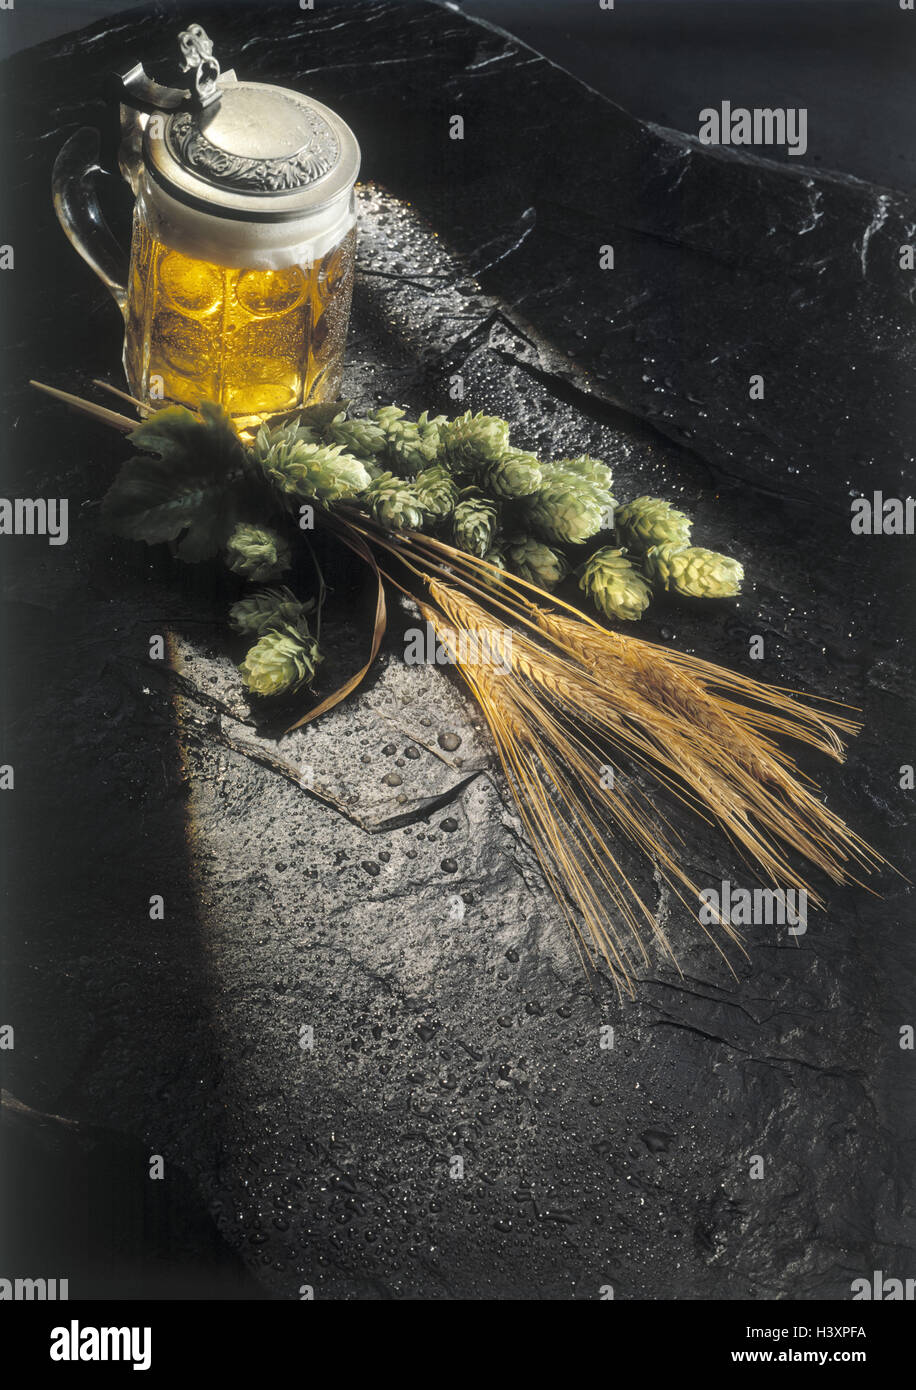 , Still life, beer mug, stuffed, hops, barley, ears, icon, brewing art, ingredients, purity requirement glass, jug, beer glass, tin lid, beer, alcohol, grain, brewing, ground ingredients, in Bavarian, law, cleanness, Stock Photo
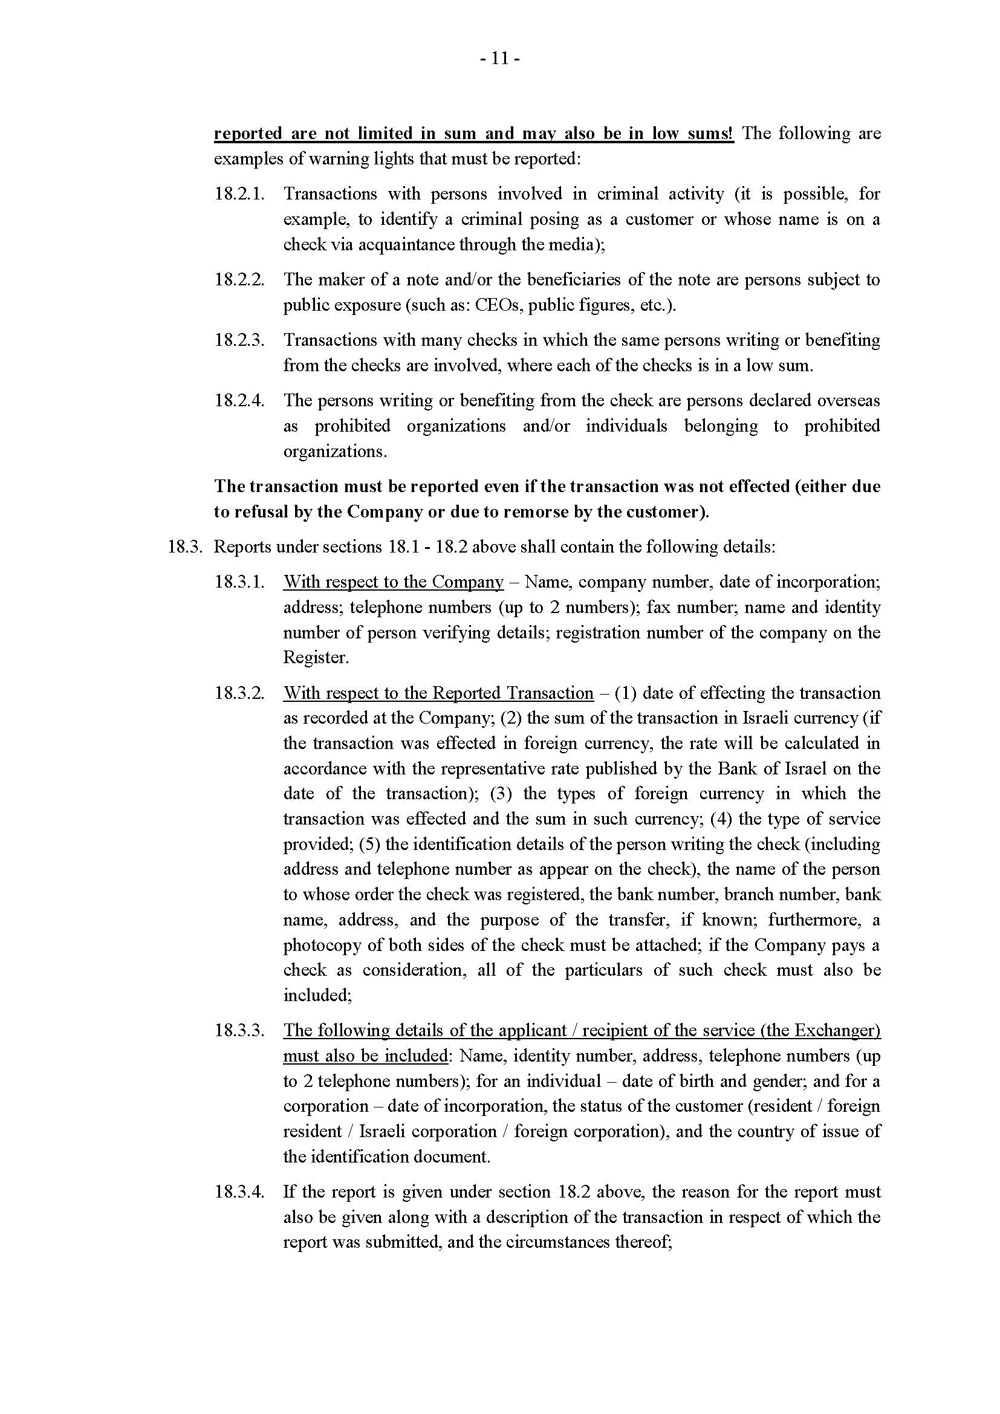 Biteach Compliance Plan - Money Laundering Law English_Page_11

---

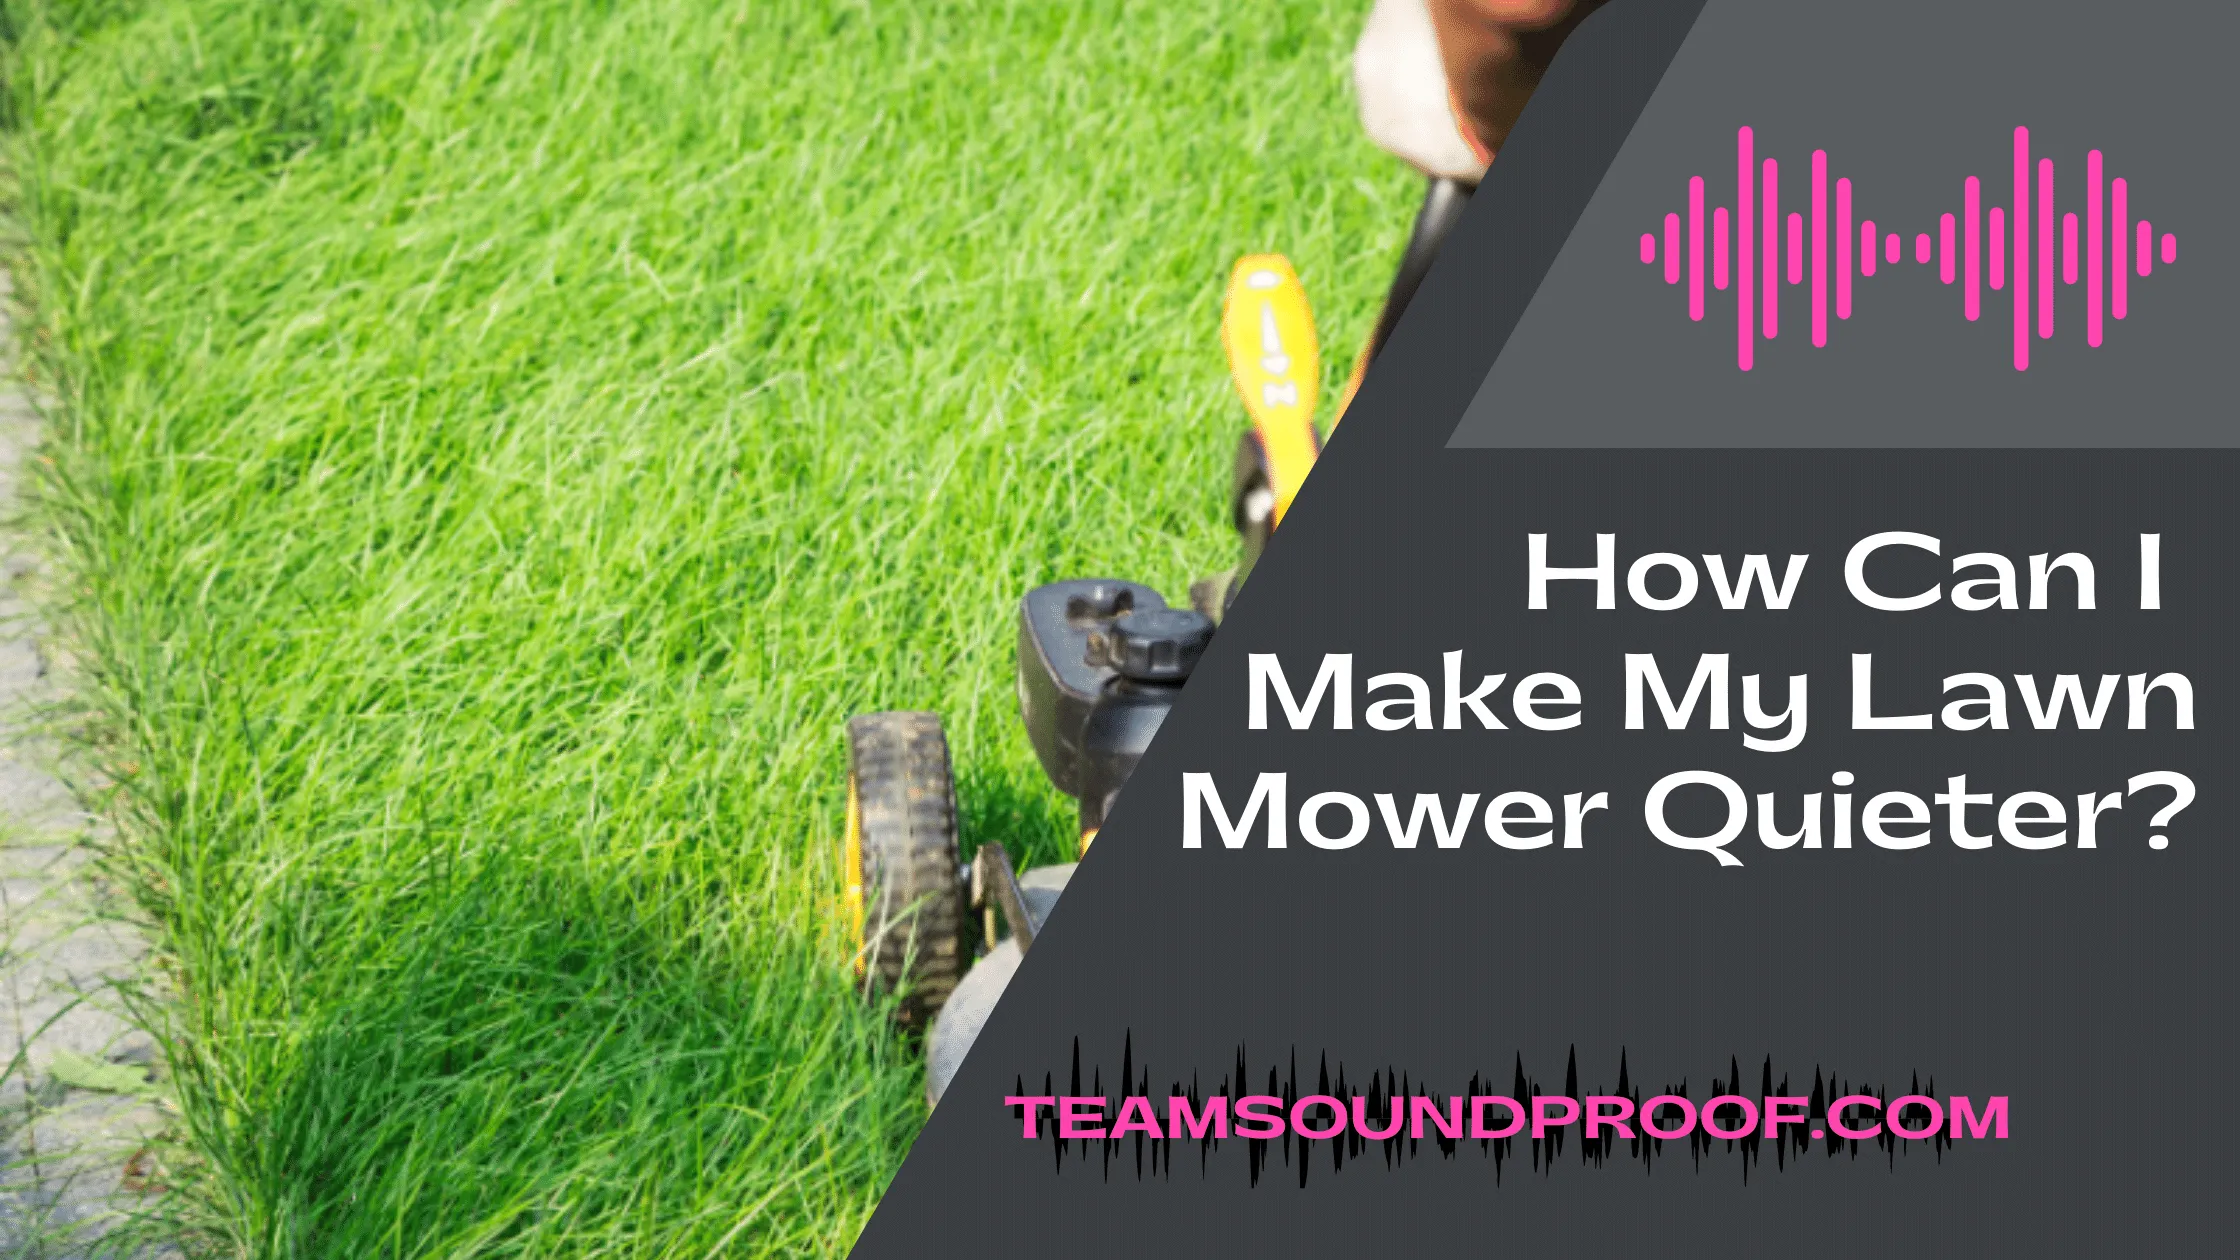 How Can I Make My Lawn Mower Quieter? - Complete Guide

--

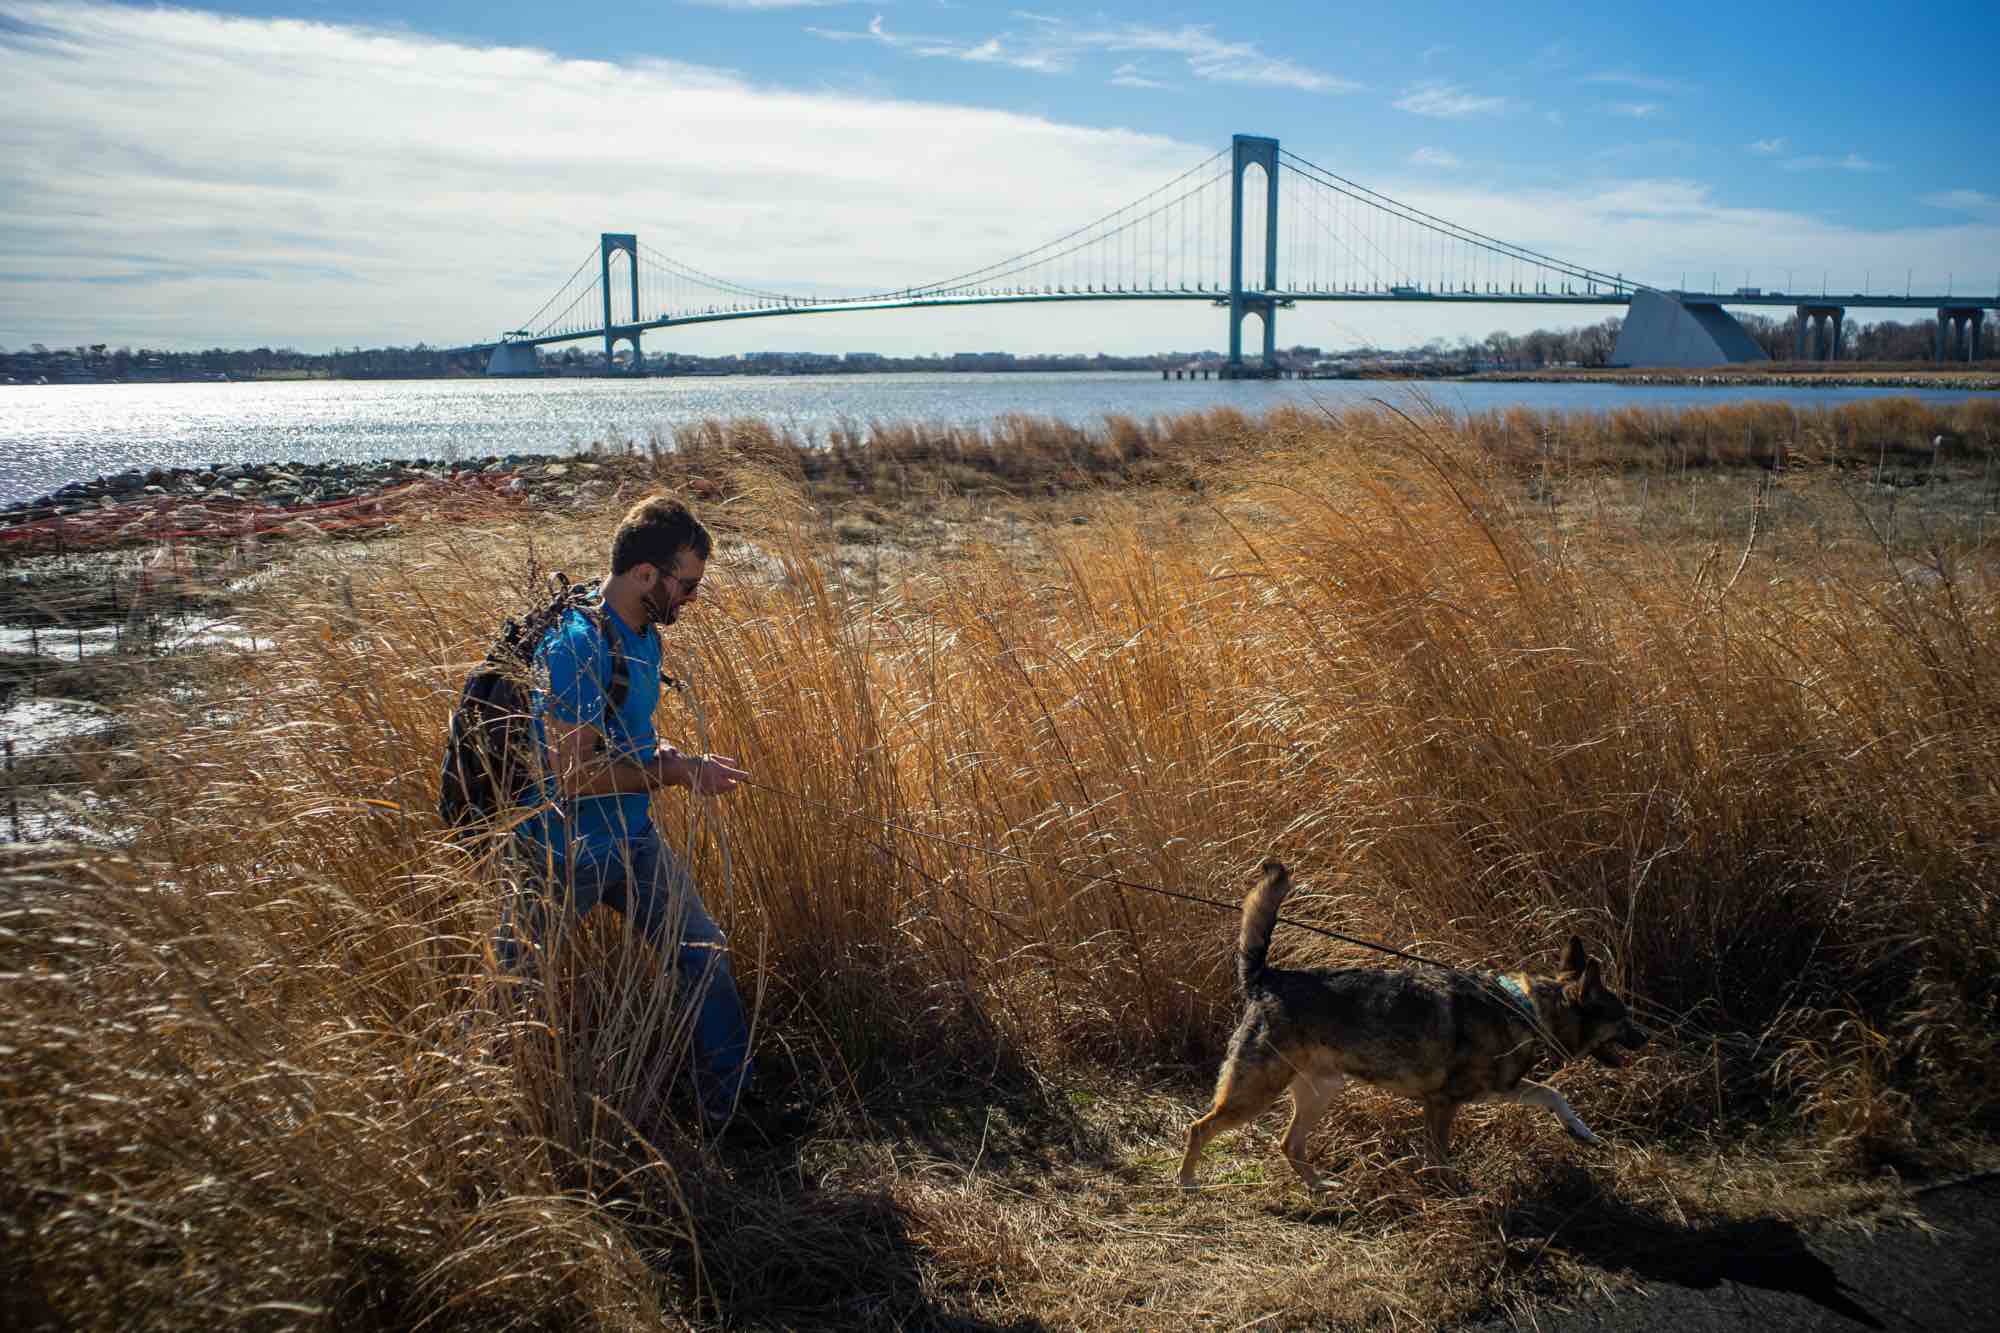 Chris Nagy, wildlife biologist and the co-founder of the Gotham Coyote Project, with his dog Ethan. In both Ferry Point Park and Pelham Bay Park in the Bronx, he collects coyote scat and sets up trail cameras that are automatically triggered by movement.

§ PROBLEM TO SOLVE:
Your answer must be the lines above from the one holding "cleanness, Stock Photo" up to and including the one holding "Biteach Compliance Plan", exact and with no pictures.

§ SOLUTION TO THE EXERCISE:
 , Still life, beer mug, stuffed, hops, barley, ears, icon, brewing art, ingredients, purity requirement glass, jug, beer glass, tin lid, beer, alcohol, grain, brewing, ground ingredients, in Bavarian, law, cleanness, Stock Photo
 Biteach Compliance Plan - Money Laundering Law English_Page_11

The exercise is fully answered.